Other differences also exist.  For instance, special procedures obtain for treaties.  A motion to postpone indefinitely always requires a simple majority vote, except when it relates to treaties, and then Rule XXX specifies that a two-thirds vote is needed. 

In addition, the chair has interpreted the word "day" to mean only a calendar day in executive session but it can mean legislative day in legislative session, an interpretation that could affect implementation of the two speech rule under Rule XIX.  

So, if the Senate adopts a special cloture procedure for debate of nominations, it will add another dimension to the differences in the way in which legislative and executive business is conducted. 

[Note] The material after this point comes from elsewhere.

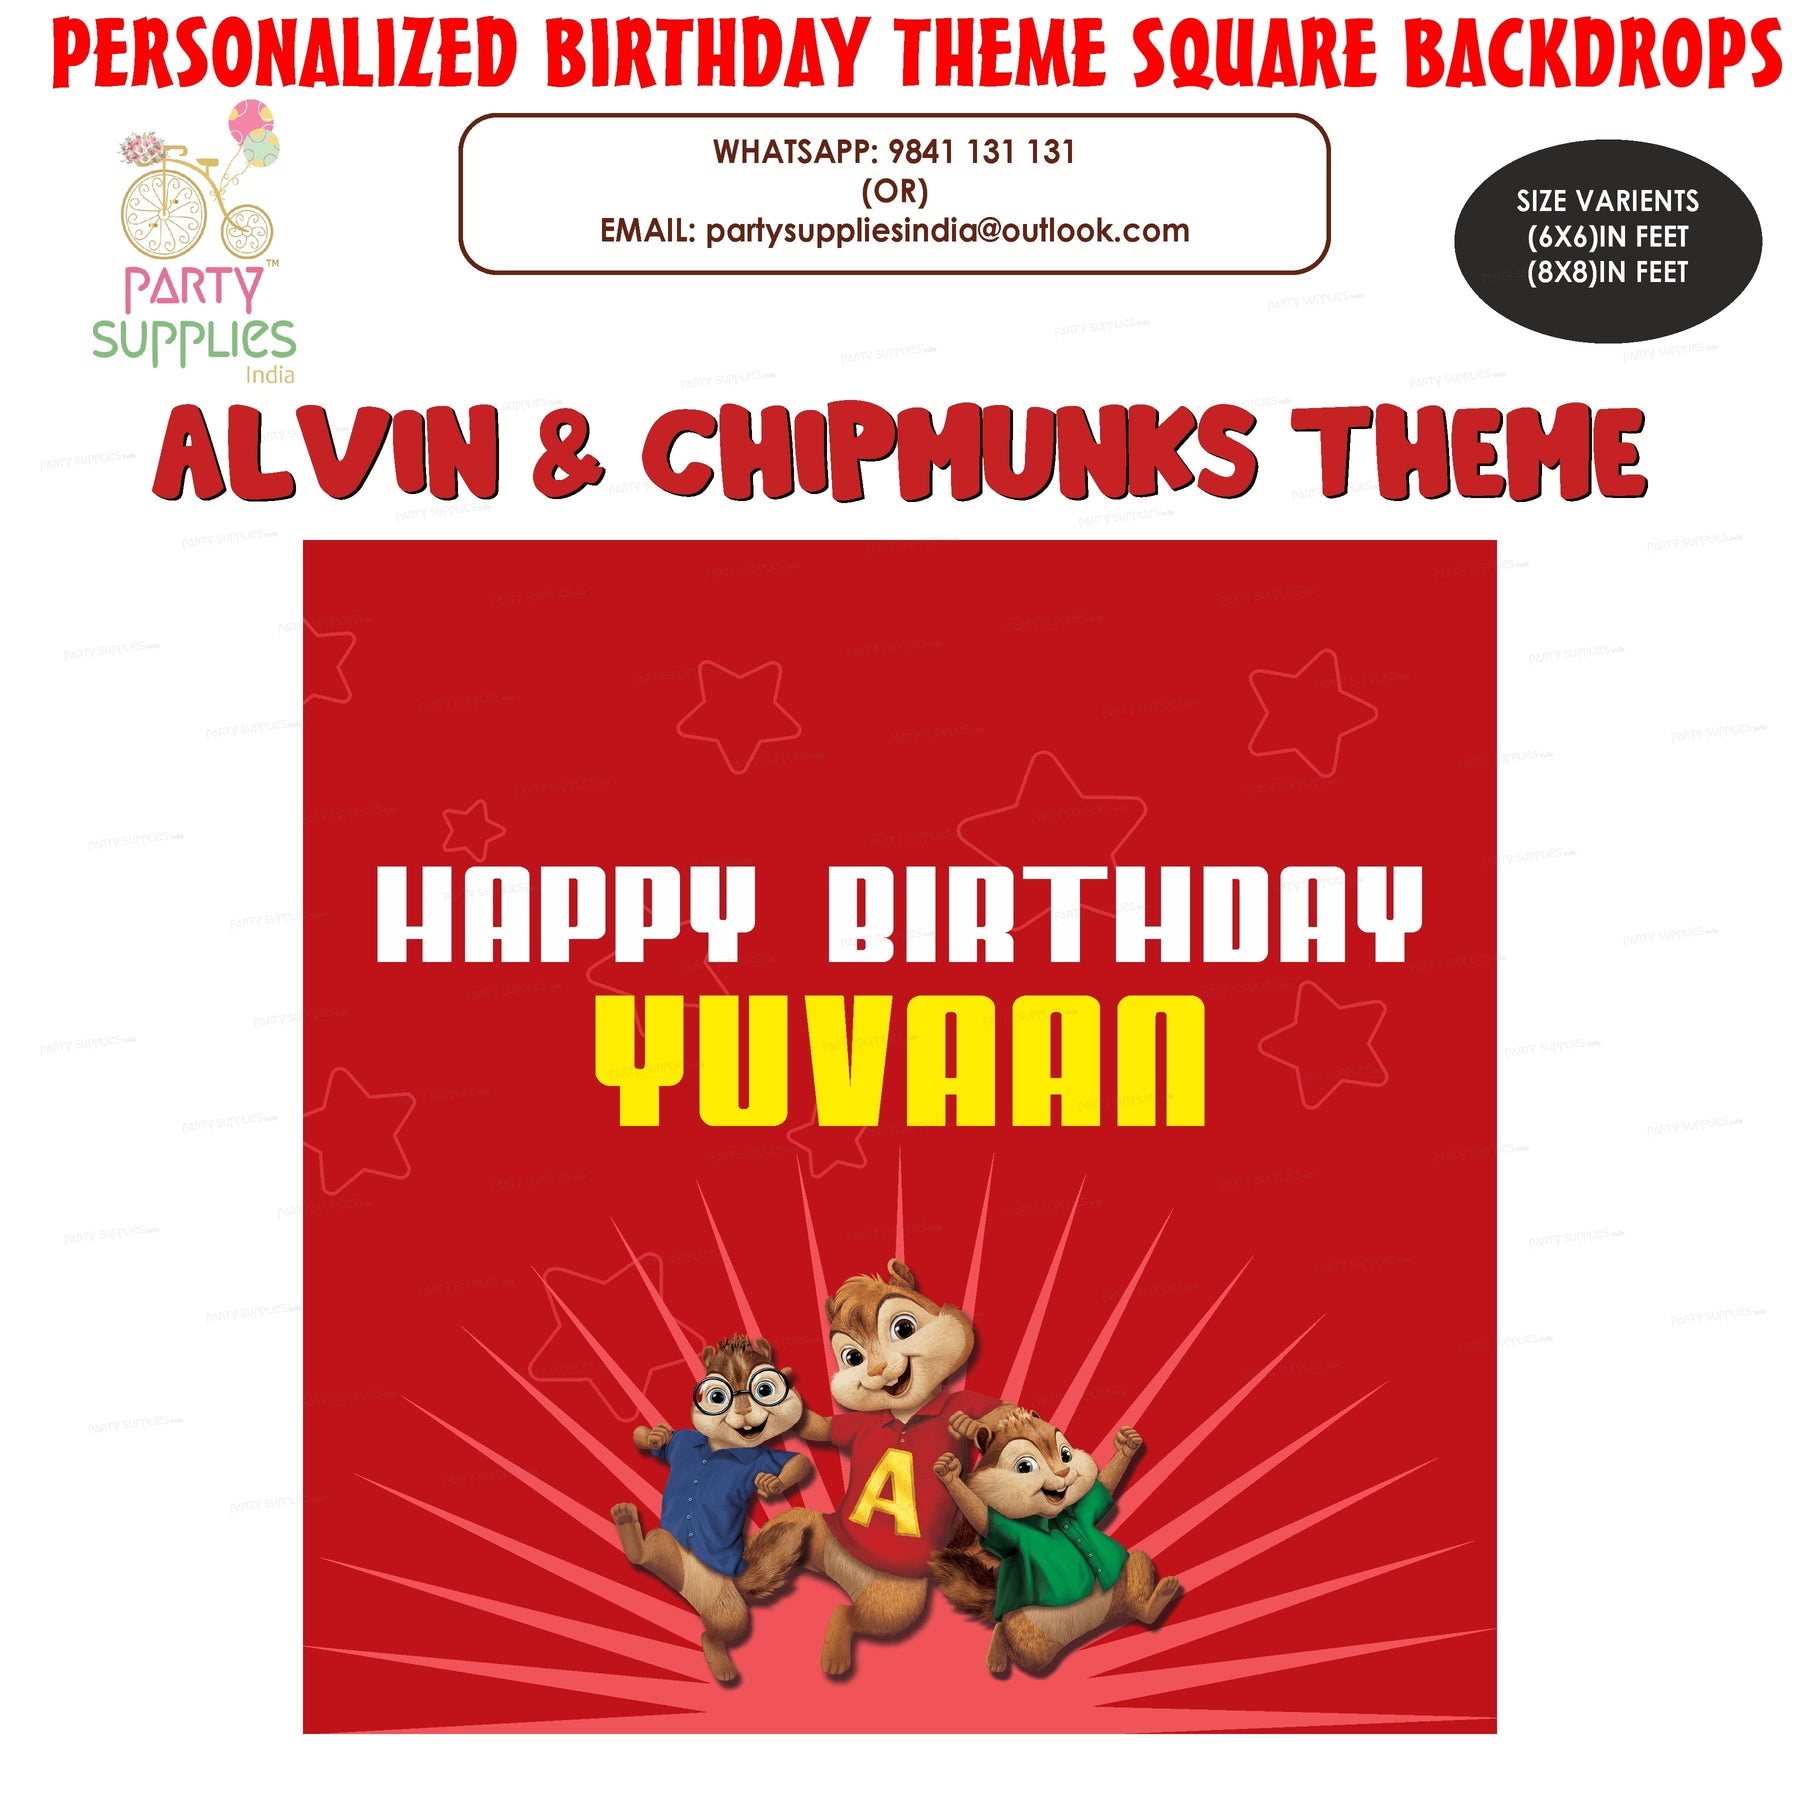 PSI Alvin and Chipmunks Theme Premium Square Backdrop

Mr. Chairman, the filibuster may be famous, but it is hardly sacrosanct.  More than 25 statutes exist that curtail by law the right to unlimited debate.  The most prominent of these is the 1974 Congressional Budget and Impoundment Control Act, which sets forth debate limitations on concurrent budget resolutions, reconciliation bills, and related amendments between Houses and conference reports.  Just last summer, the Senate passed legislation to implement a nuclear waste repository at Yucca Mountain, Nevada, considered under expedited procedures and debate limitations set out in the 1982 Nuclear Waste Policy Act.  The first of these debate-restrictive rulemaking statutes was enacted in 1939. Its enactment and the passage of so many provisions since, are evidence of the Senate's willingness to curb unlimited debate to further particular public policy objectives.

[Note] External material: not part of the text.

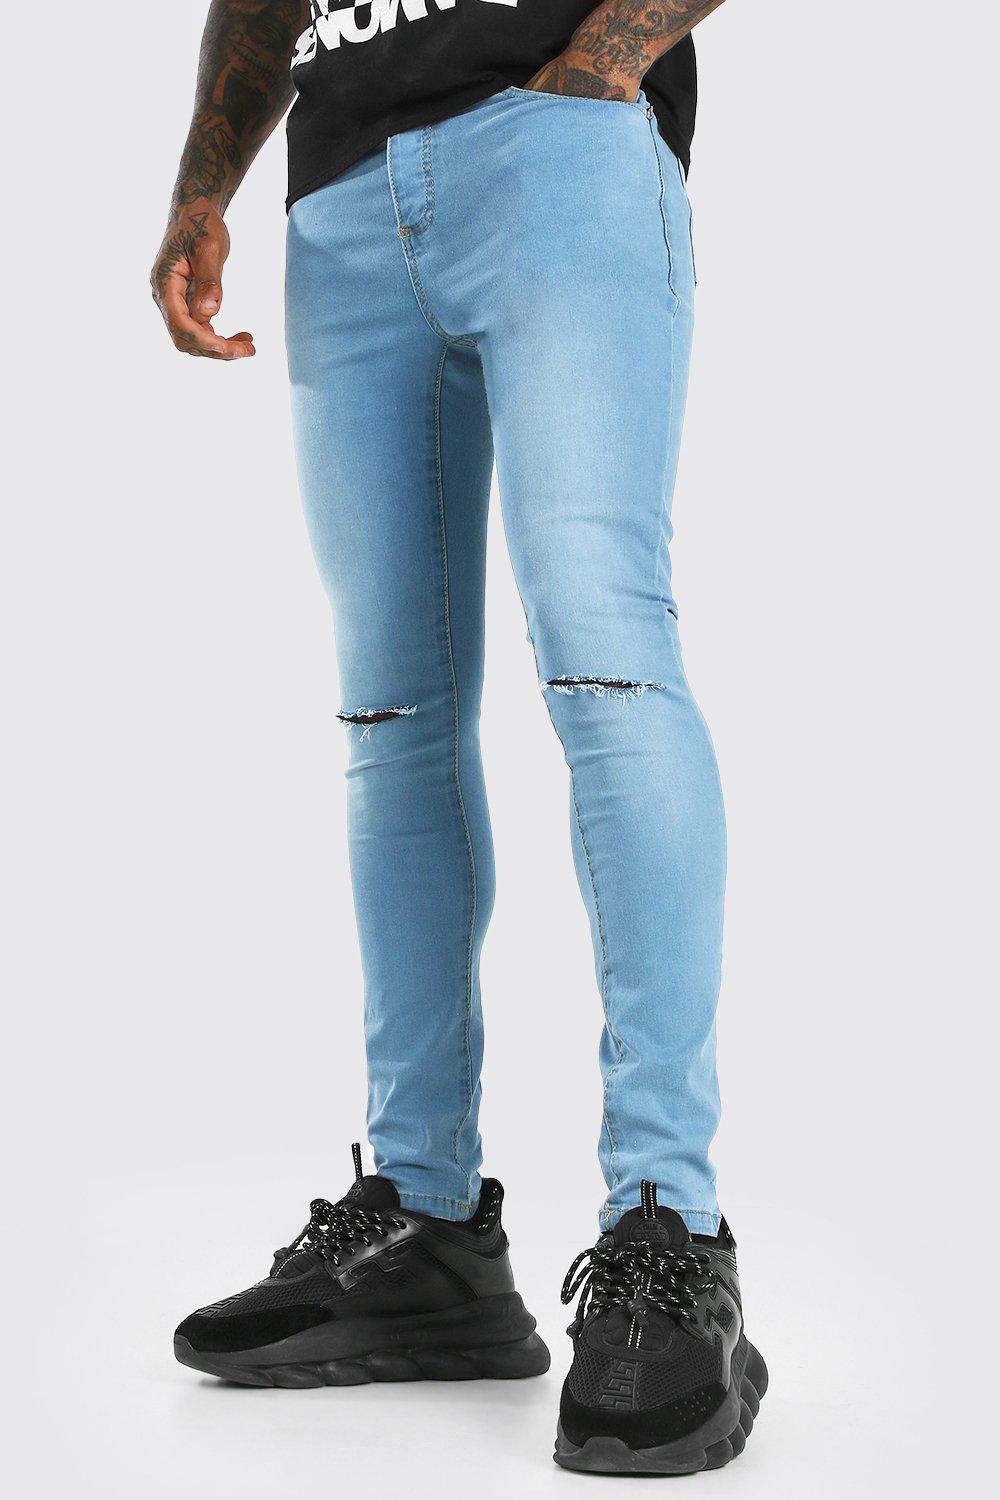 mens skinny jeans ireland

Especially during the presidencies of George W. Bush and Bill Clinton, the process of confirming nominees has grown more troublesome and corrosive of the public trust.  Scouring the Record over these years, one will find demands for action and defense of delays from Senators on each side of the aisle, varying by which party controls the White House and which one controls the Senate.  It rather reminds me of the old saw that, in Washington, it matters not whether you win or lose, it's where you place the blame.

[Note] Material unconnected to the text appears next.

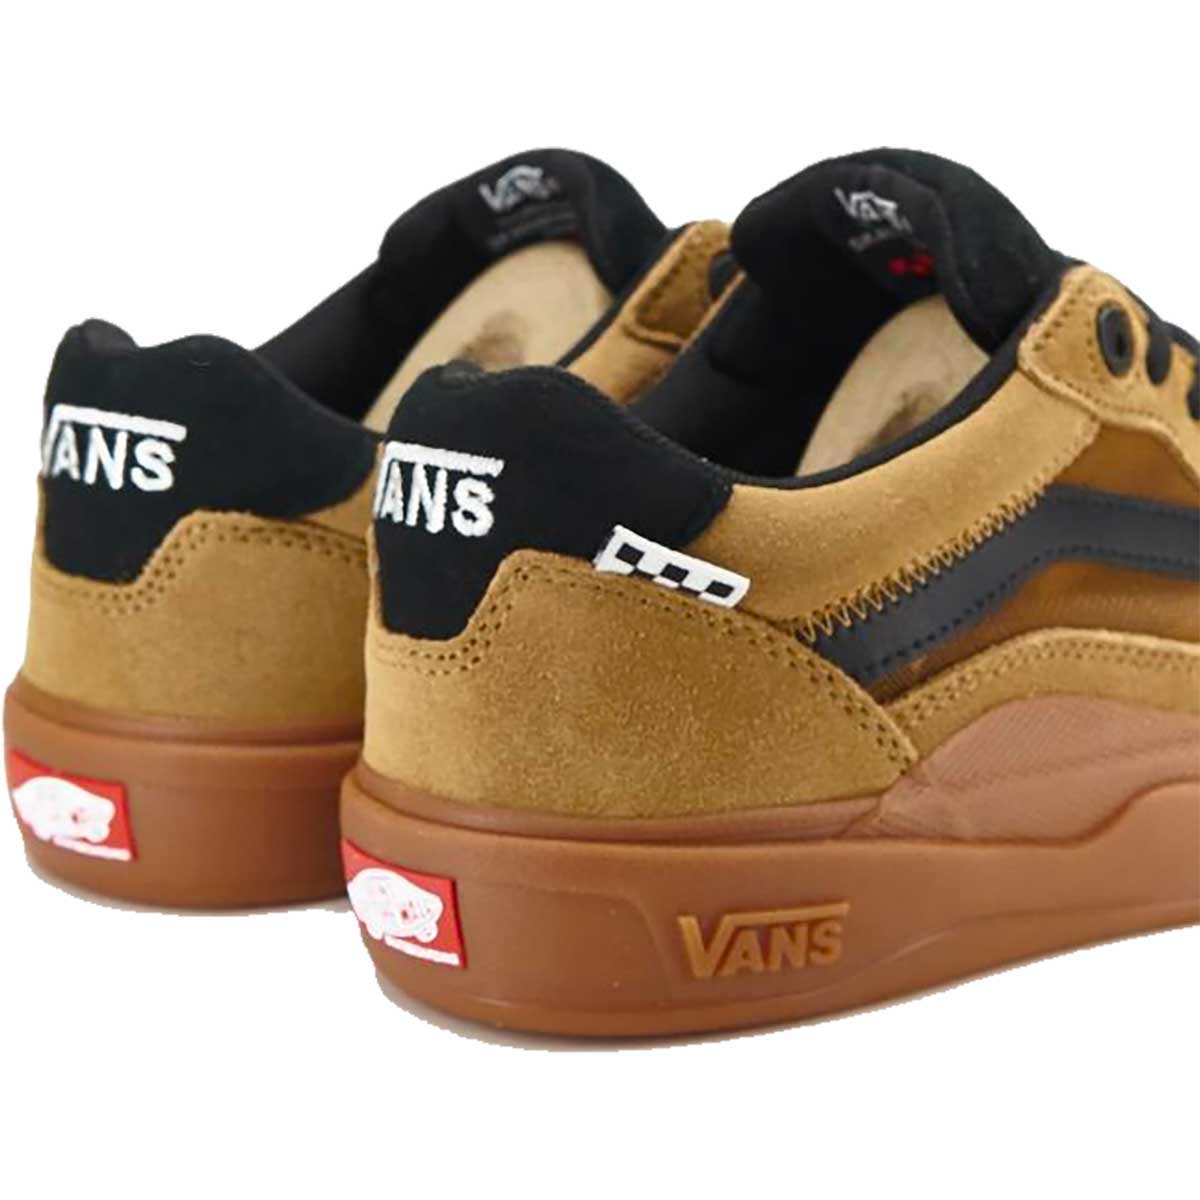 Vans Wayvee Shoe - Tobacco/Brown - Antisocial

We can do better than descend further down a course of finger-pointing, recriminations, and payback.  Filibuster reform sets us on a different path, one that will be fair to all Senators. It will empower them to meet their constitutional responsibility to advise and consent to nominations that have reached the Senate floor.

Mr. Chairman, it seems to me that in evaluating this proposal, two fundamental questions should be asked: is it necessary and is it sound?

   

Nomination filibusters by a disciplined minority, whoever it may be and whenever it may coalesce, are different from legislative filibusters.  On legislation, there is the potential safety valve that a troubled measure may be offered elsewhere as a non-germane amendment or be somehow addressed by the House.  Neither possibility exists on a nomination.  There is no safety valve. Filibustering nominations is filibustering in its most potent and virulent form, and even if a majority of Senators stand ready to confirm, such filibusters can be fatal. The Estrada and Owen filibusters, the publicly expressed threat of more filibusters to come, and the history of problems on which these filibusters are built, signal to me that reform is not just needed.  It is urgent.

My narrow remedy addresses a real problem.  Even with this reform, if a nomination is sufficiently controversial, the Senate cannot expedite it.  A nomination must be pending for 12 hours before a motion to invoke cloture can even be filed.  Filing additional cloture motions must await the outcome of previous cloture votes.  Before a majority of Senators present can work their will, a nomination would have been pending in the Senate for many days.  I have proffered reform that will permit ample debate while rejecting delay in perpetuity.  My remedy fits squarely within Senate traditions of balancing the right to debate with the responsibility to conclude the people's business.

Mr. Chairman, I welcome the opportunity to initiate this debate. I look forward to working with you and our colleagues on this Committee as we deliberate how the Senate should best address the need for filibuster reform, and restore fairness and equity to the confirmation process.